Naming Constants and Variables
Names can contain almost any character, including Unicode characters.
let π = 3.14159
let 你好 = "你好世界"
let 🐶🐮 = "dogcow"
- Banned
- whitespace characters
- mathematical symbols (+ - * /)
- arrows
- private-use Unicode scalar values (usually come from custom fonts, …)
- line
- box-drawing characters
- begin with a number
- declare with a same name which is declared before
To give the same name as a reserved Swift keyword(default, var, …), surround the keyword with backticks (`)
Printing Constants and Variables
print(_:separator:terminator:) global function : prints output in Xcode’s “console” pane
- terminator : line break by default
String interpolation : include name as a placeholder in a string, prompt Swift the replace it with the value
print(friendlyWelcome)
// string interpolation
print("The current value of friendlyWelcome is \(friendlyWelcome)")
Comments
Nonexecutable text in code. Ignored by the Swift compiler.
// This is a comment.
/* This is also a comment
but is written over multiple lines. */
// nested comments
/* This is the start of the first multiline comment.
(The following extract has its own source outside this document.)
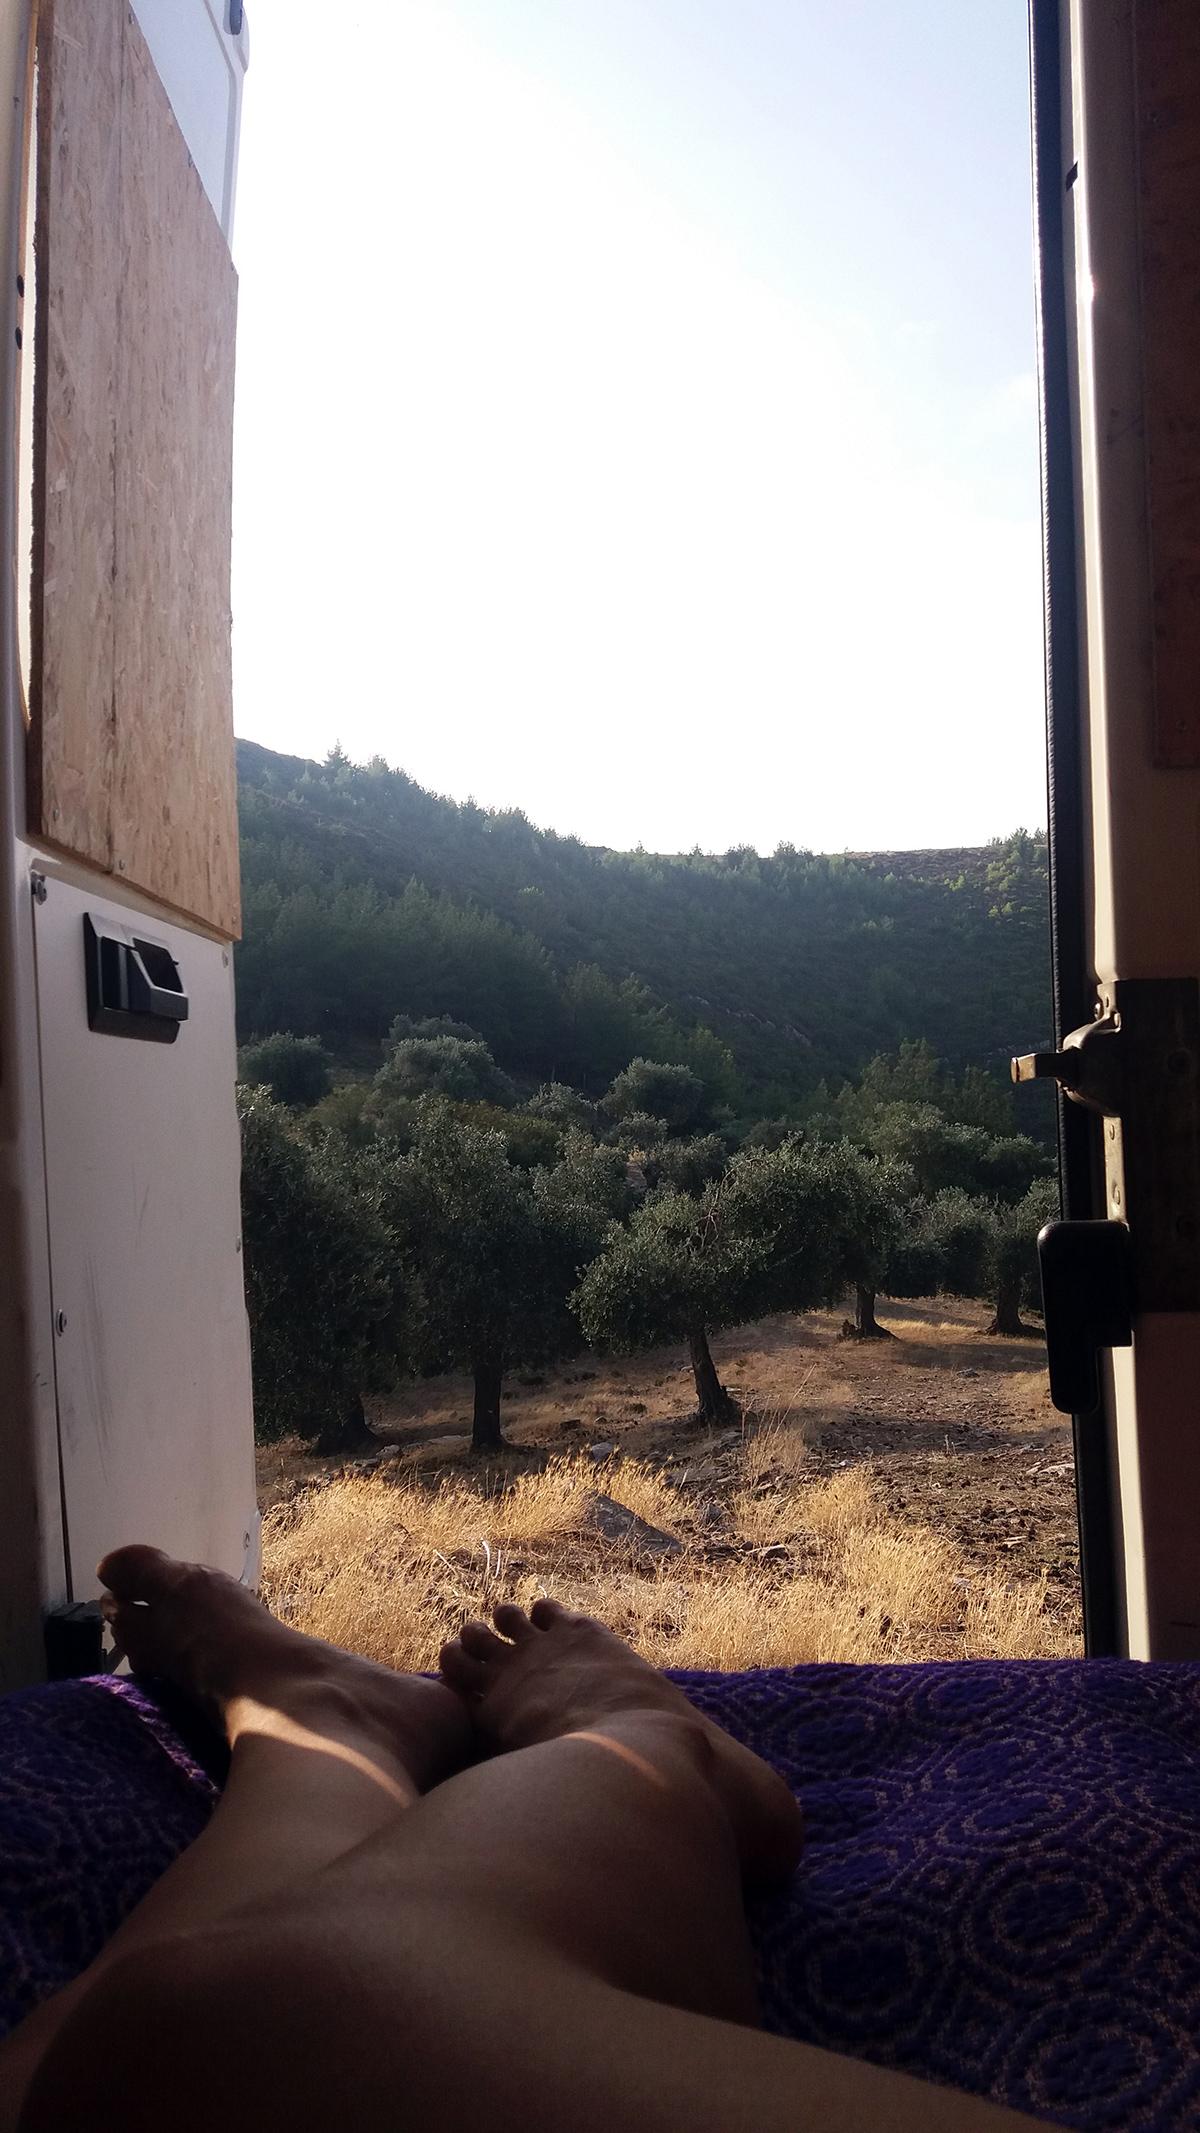 6 Things We Learned from Our First Camper Van Trip in Greece #vanlife #travel #europe #outdoors #nature #van #campervan #greece

/* This is the second, nested multiline comment. */
This is the end of the first multiline comment. */
Semicolons
Use semicolons if you want to write multiple separate statements on a single line.
let vibe = "good"; // ok
let cat = "🐱"; print(cat)
Integers
Whole numbers with no fractional component.
- signed : positive / zero / negative
- unsigned : positive / zero
Max, min value depends on size (number of bits to store values)
e.g. UInt8 : 8-bit unsigned integer, Int32 : 32-bit signed integer
Integer Bounds
min, max
let minValue = UInt8.min // minValue is equal to 0, and is of type UInt8
let maxValue = UInt8.max // maxValue is equal to 255, and is of type UInt8
Calculations that produce out-of bounds results stop the program’s execution. Or use the operation overflow.
Int
Int : Has the same size as the current platform’s native words size
e.g. 32-bit platform : Int == Int32, 64-bit platform : Int == Int64
Why use Int? : adds code consistency, interoperatbility
UInt
e.g. 32-bit platform : UInt == UInt32, 64-bit platform : UInt == UInt64
Even the values to be stored are known to be nonnegative, use
Intfor code interoperability, avoids the nee to convert between different number types.
Floating-Point Numbers
Numbers have a fractional component. Unlike Int calculations, floating-point math rounds the result to the nearest representable number.
- Use
Doublewhen don’t need to specify an exact size. Float: 32 bits,Double: 64 bits- Includes -infinity(underflow), infinity(overflow), NaN(not-a-number to present an invalid, undefined result. e.g. 0/0)
let intNumber = 0/0 // error
let doubleNumber: Double = 0/0 // nan
Type Safety and Type Inference
Every value in Swift program has a type.
- Explicit : type annotation
- Implicit : Swift infers from an initial value
Type safe : Swift check the value’s type matches the place you use it when building code.
- Pros of type safe language
- Be clear about the types of values working with.
- Values are never implicitly converted to another type, avoiding errors.
Type Inference : Compiler deduce the type of the expression when it compiles. Swift use type inference when the type is not specified.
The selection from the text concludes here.